So here’s a statement that will make me sound like I’m 110 years old: life is very different for teenagers today than it was when I was growing up.

The latest evidence to support that? Only one third of American teenagers had a job last summer; down 40% from 2000.

I don’t have the statistics on the percentage of teenagers who had summer jobs back in the dark ages when I grew up, but unless your parents were super rich and could afford to take you with them on a month-long trip to Europe, you spent the early days of summer scouring the want ads, asking your parents’ friends for jobs, or making the rounds of the local mall filling out handwritten applications.

Of course we worked during the summer…what else was there to do? Nobody knew what an internship was unless you were talking about the path to becoming a doctor. No one traveled to exotic locations to build houses for needy people.  And the year-round sports that consume so many high schoolers’ summers didn’t exist.

An informal survey of how my daughter’s friends are spending the summer confirms what the newspaper reported.  Jennifer Lynn and one other classmate are the only girls of her group who aren’t building their resumes by volunteering in the Dominican Republic, taking summer school classes in Florence, or interning at a high tech firm.

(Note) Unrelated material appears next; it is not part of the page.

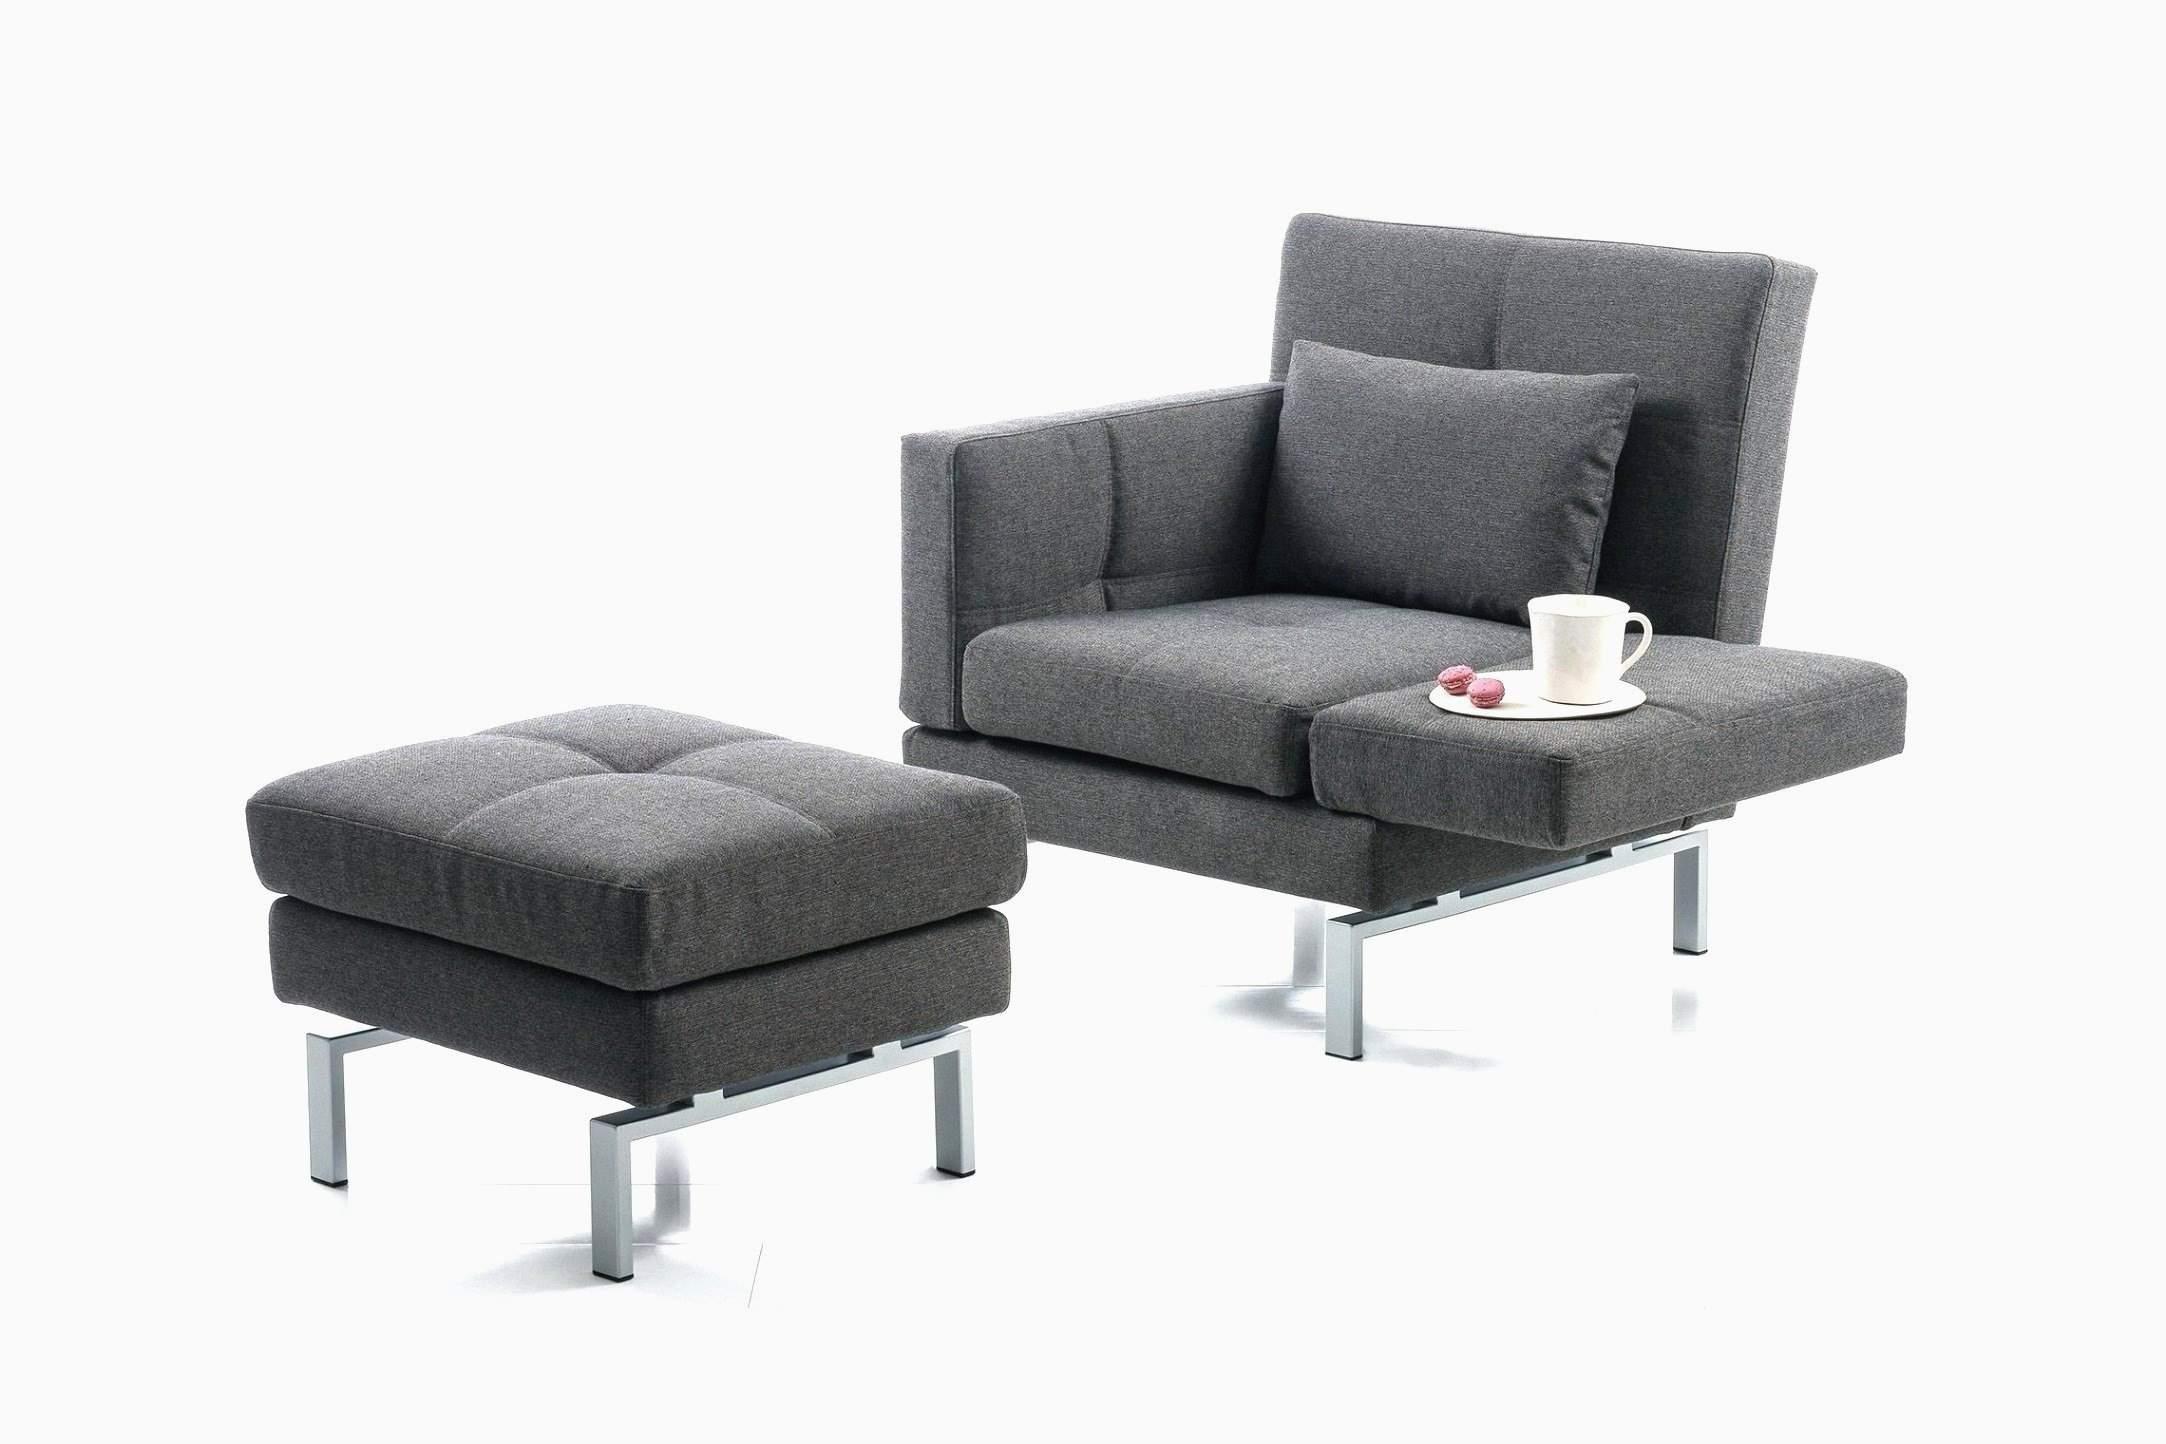 Full Size of Ikea Relaxsessel Wohnzimmer Das Beste Von Weier Sessel With Modulküche Küche Kosten Garten Sofa Mit Schlaffunktion Kaufen Betten Bei Miniküche Aldi 160x200 Wohnzimmer Ikea Relaxsessel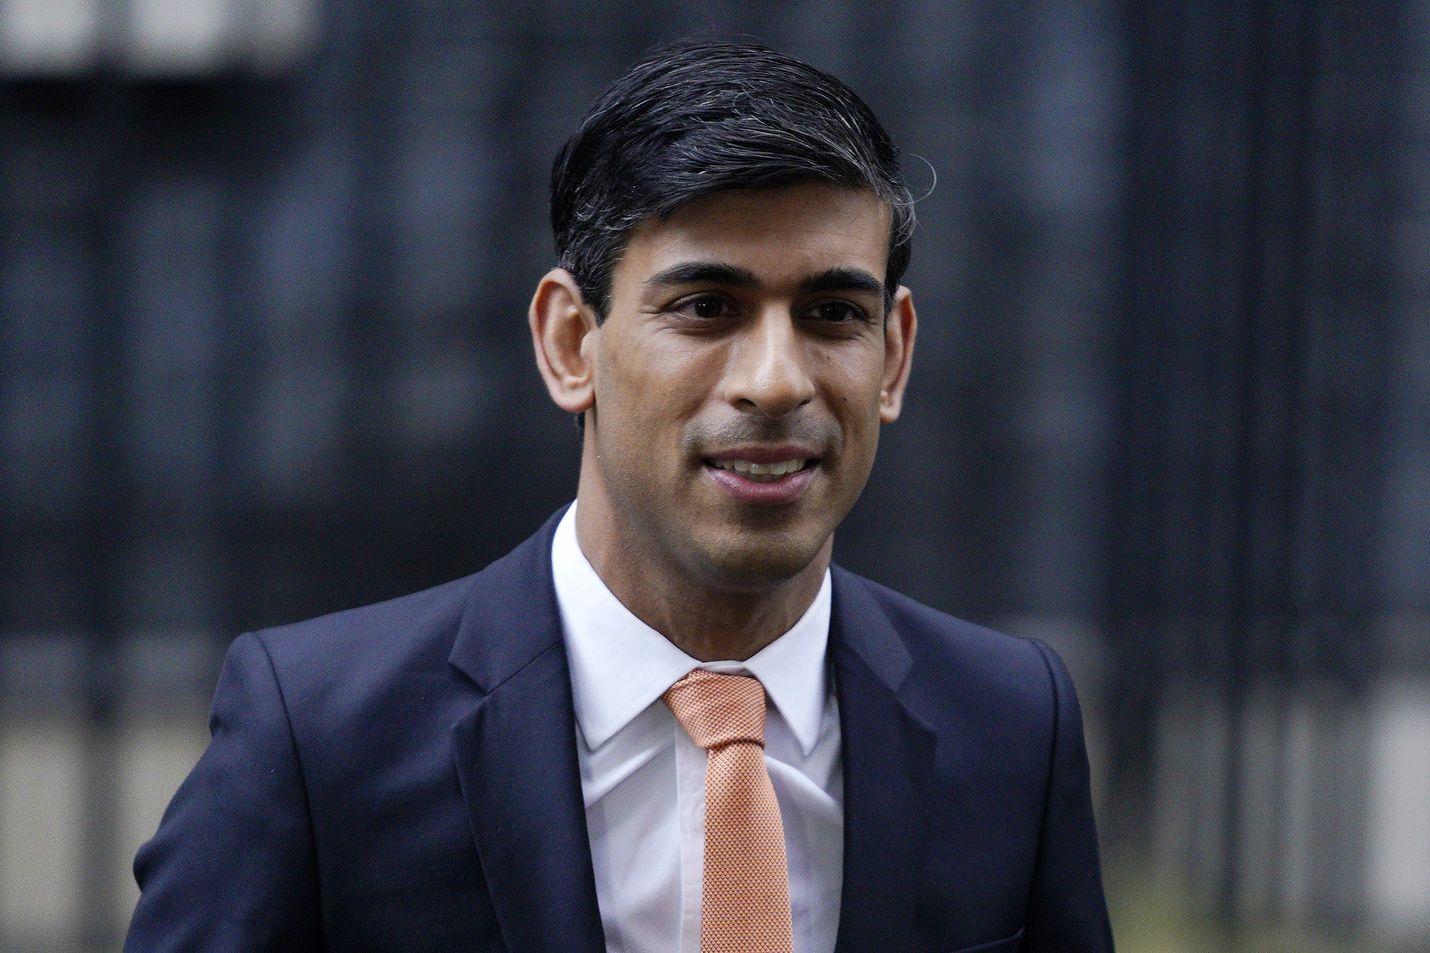 Uusi valtiovarainministeri Rishi Sunak on tunnettu pääministeri Boris Johnsonille lojaalina miehenä.

Those experiences can certainly teach valuable skills. But I think there is also a lot to be gained – in addition to the added funds in their bank account – by working a minimum wage summer job. Skills such as learning to work with people who you wouldn’t choose as friends, taking direction, customer service, respecting authority.

And there’s one more good reason for teens to have a summer job: you have to have some bad jobs so that you know when you’ve gotten a better job.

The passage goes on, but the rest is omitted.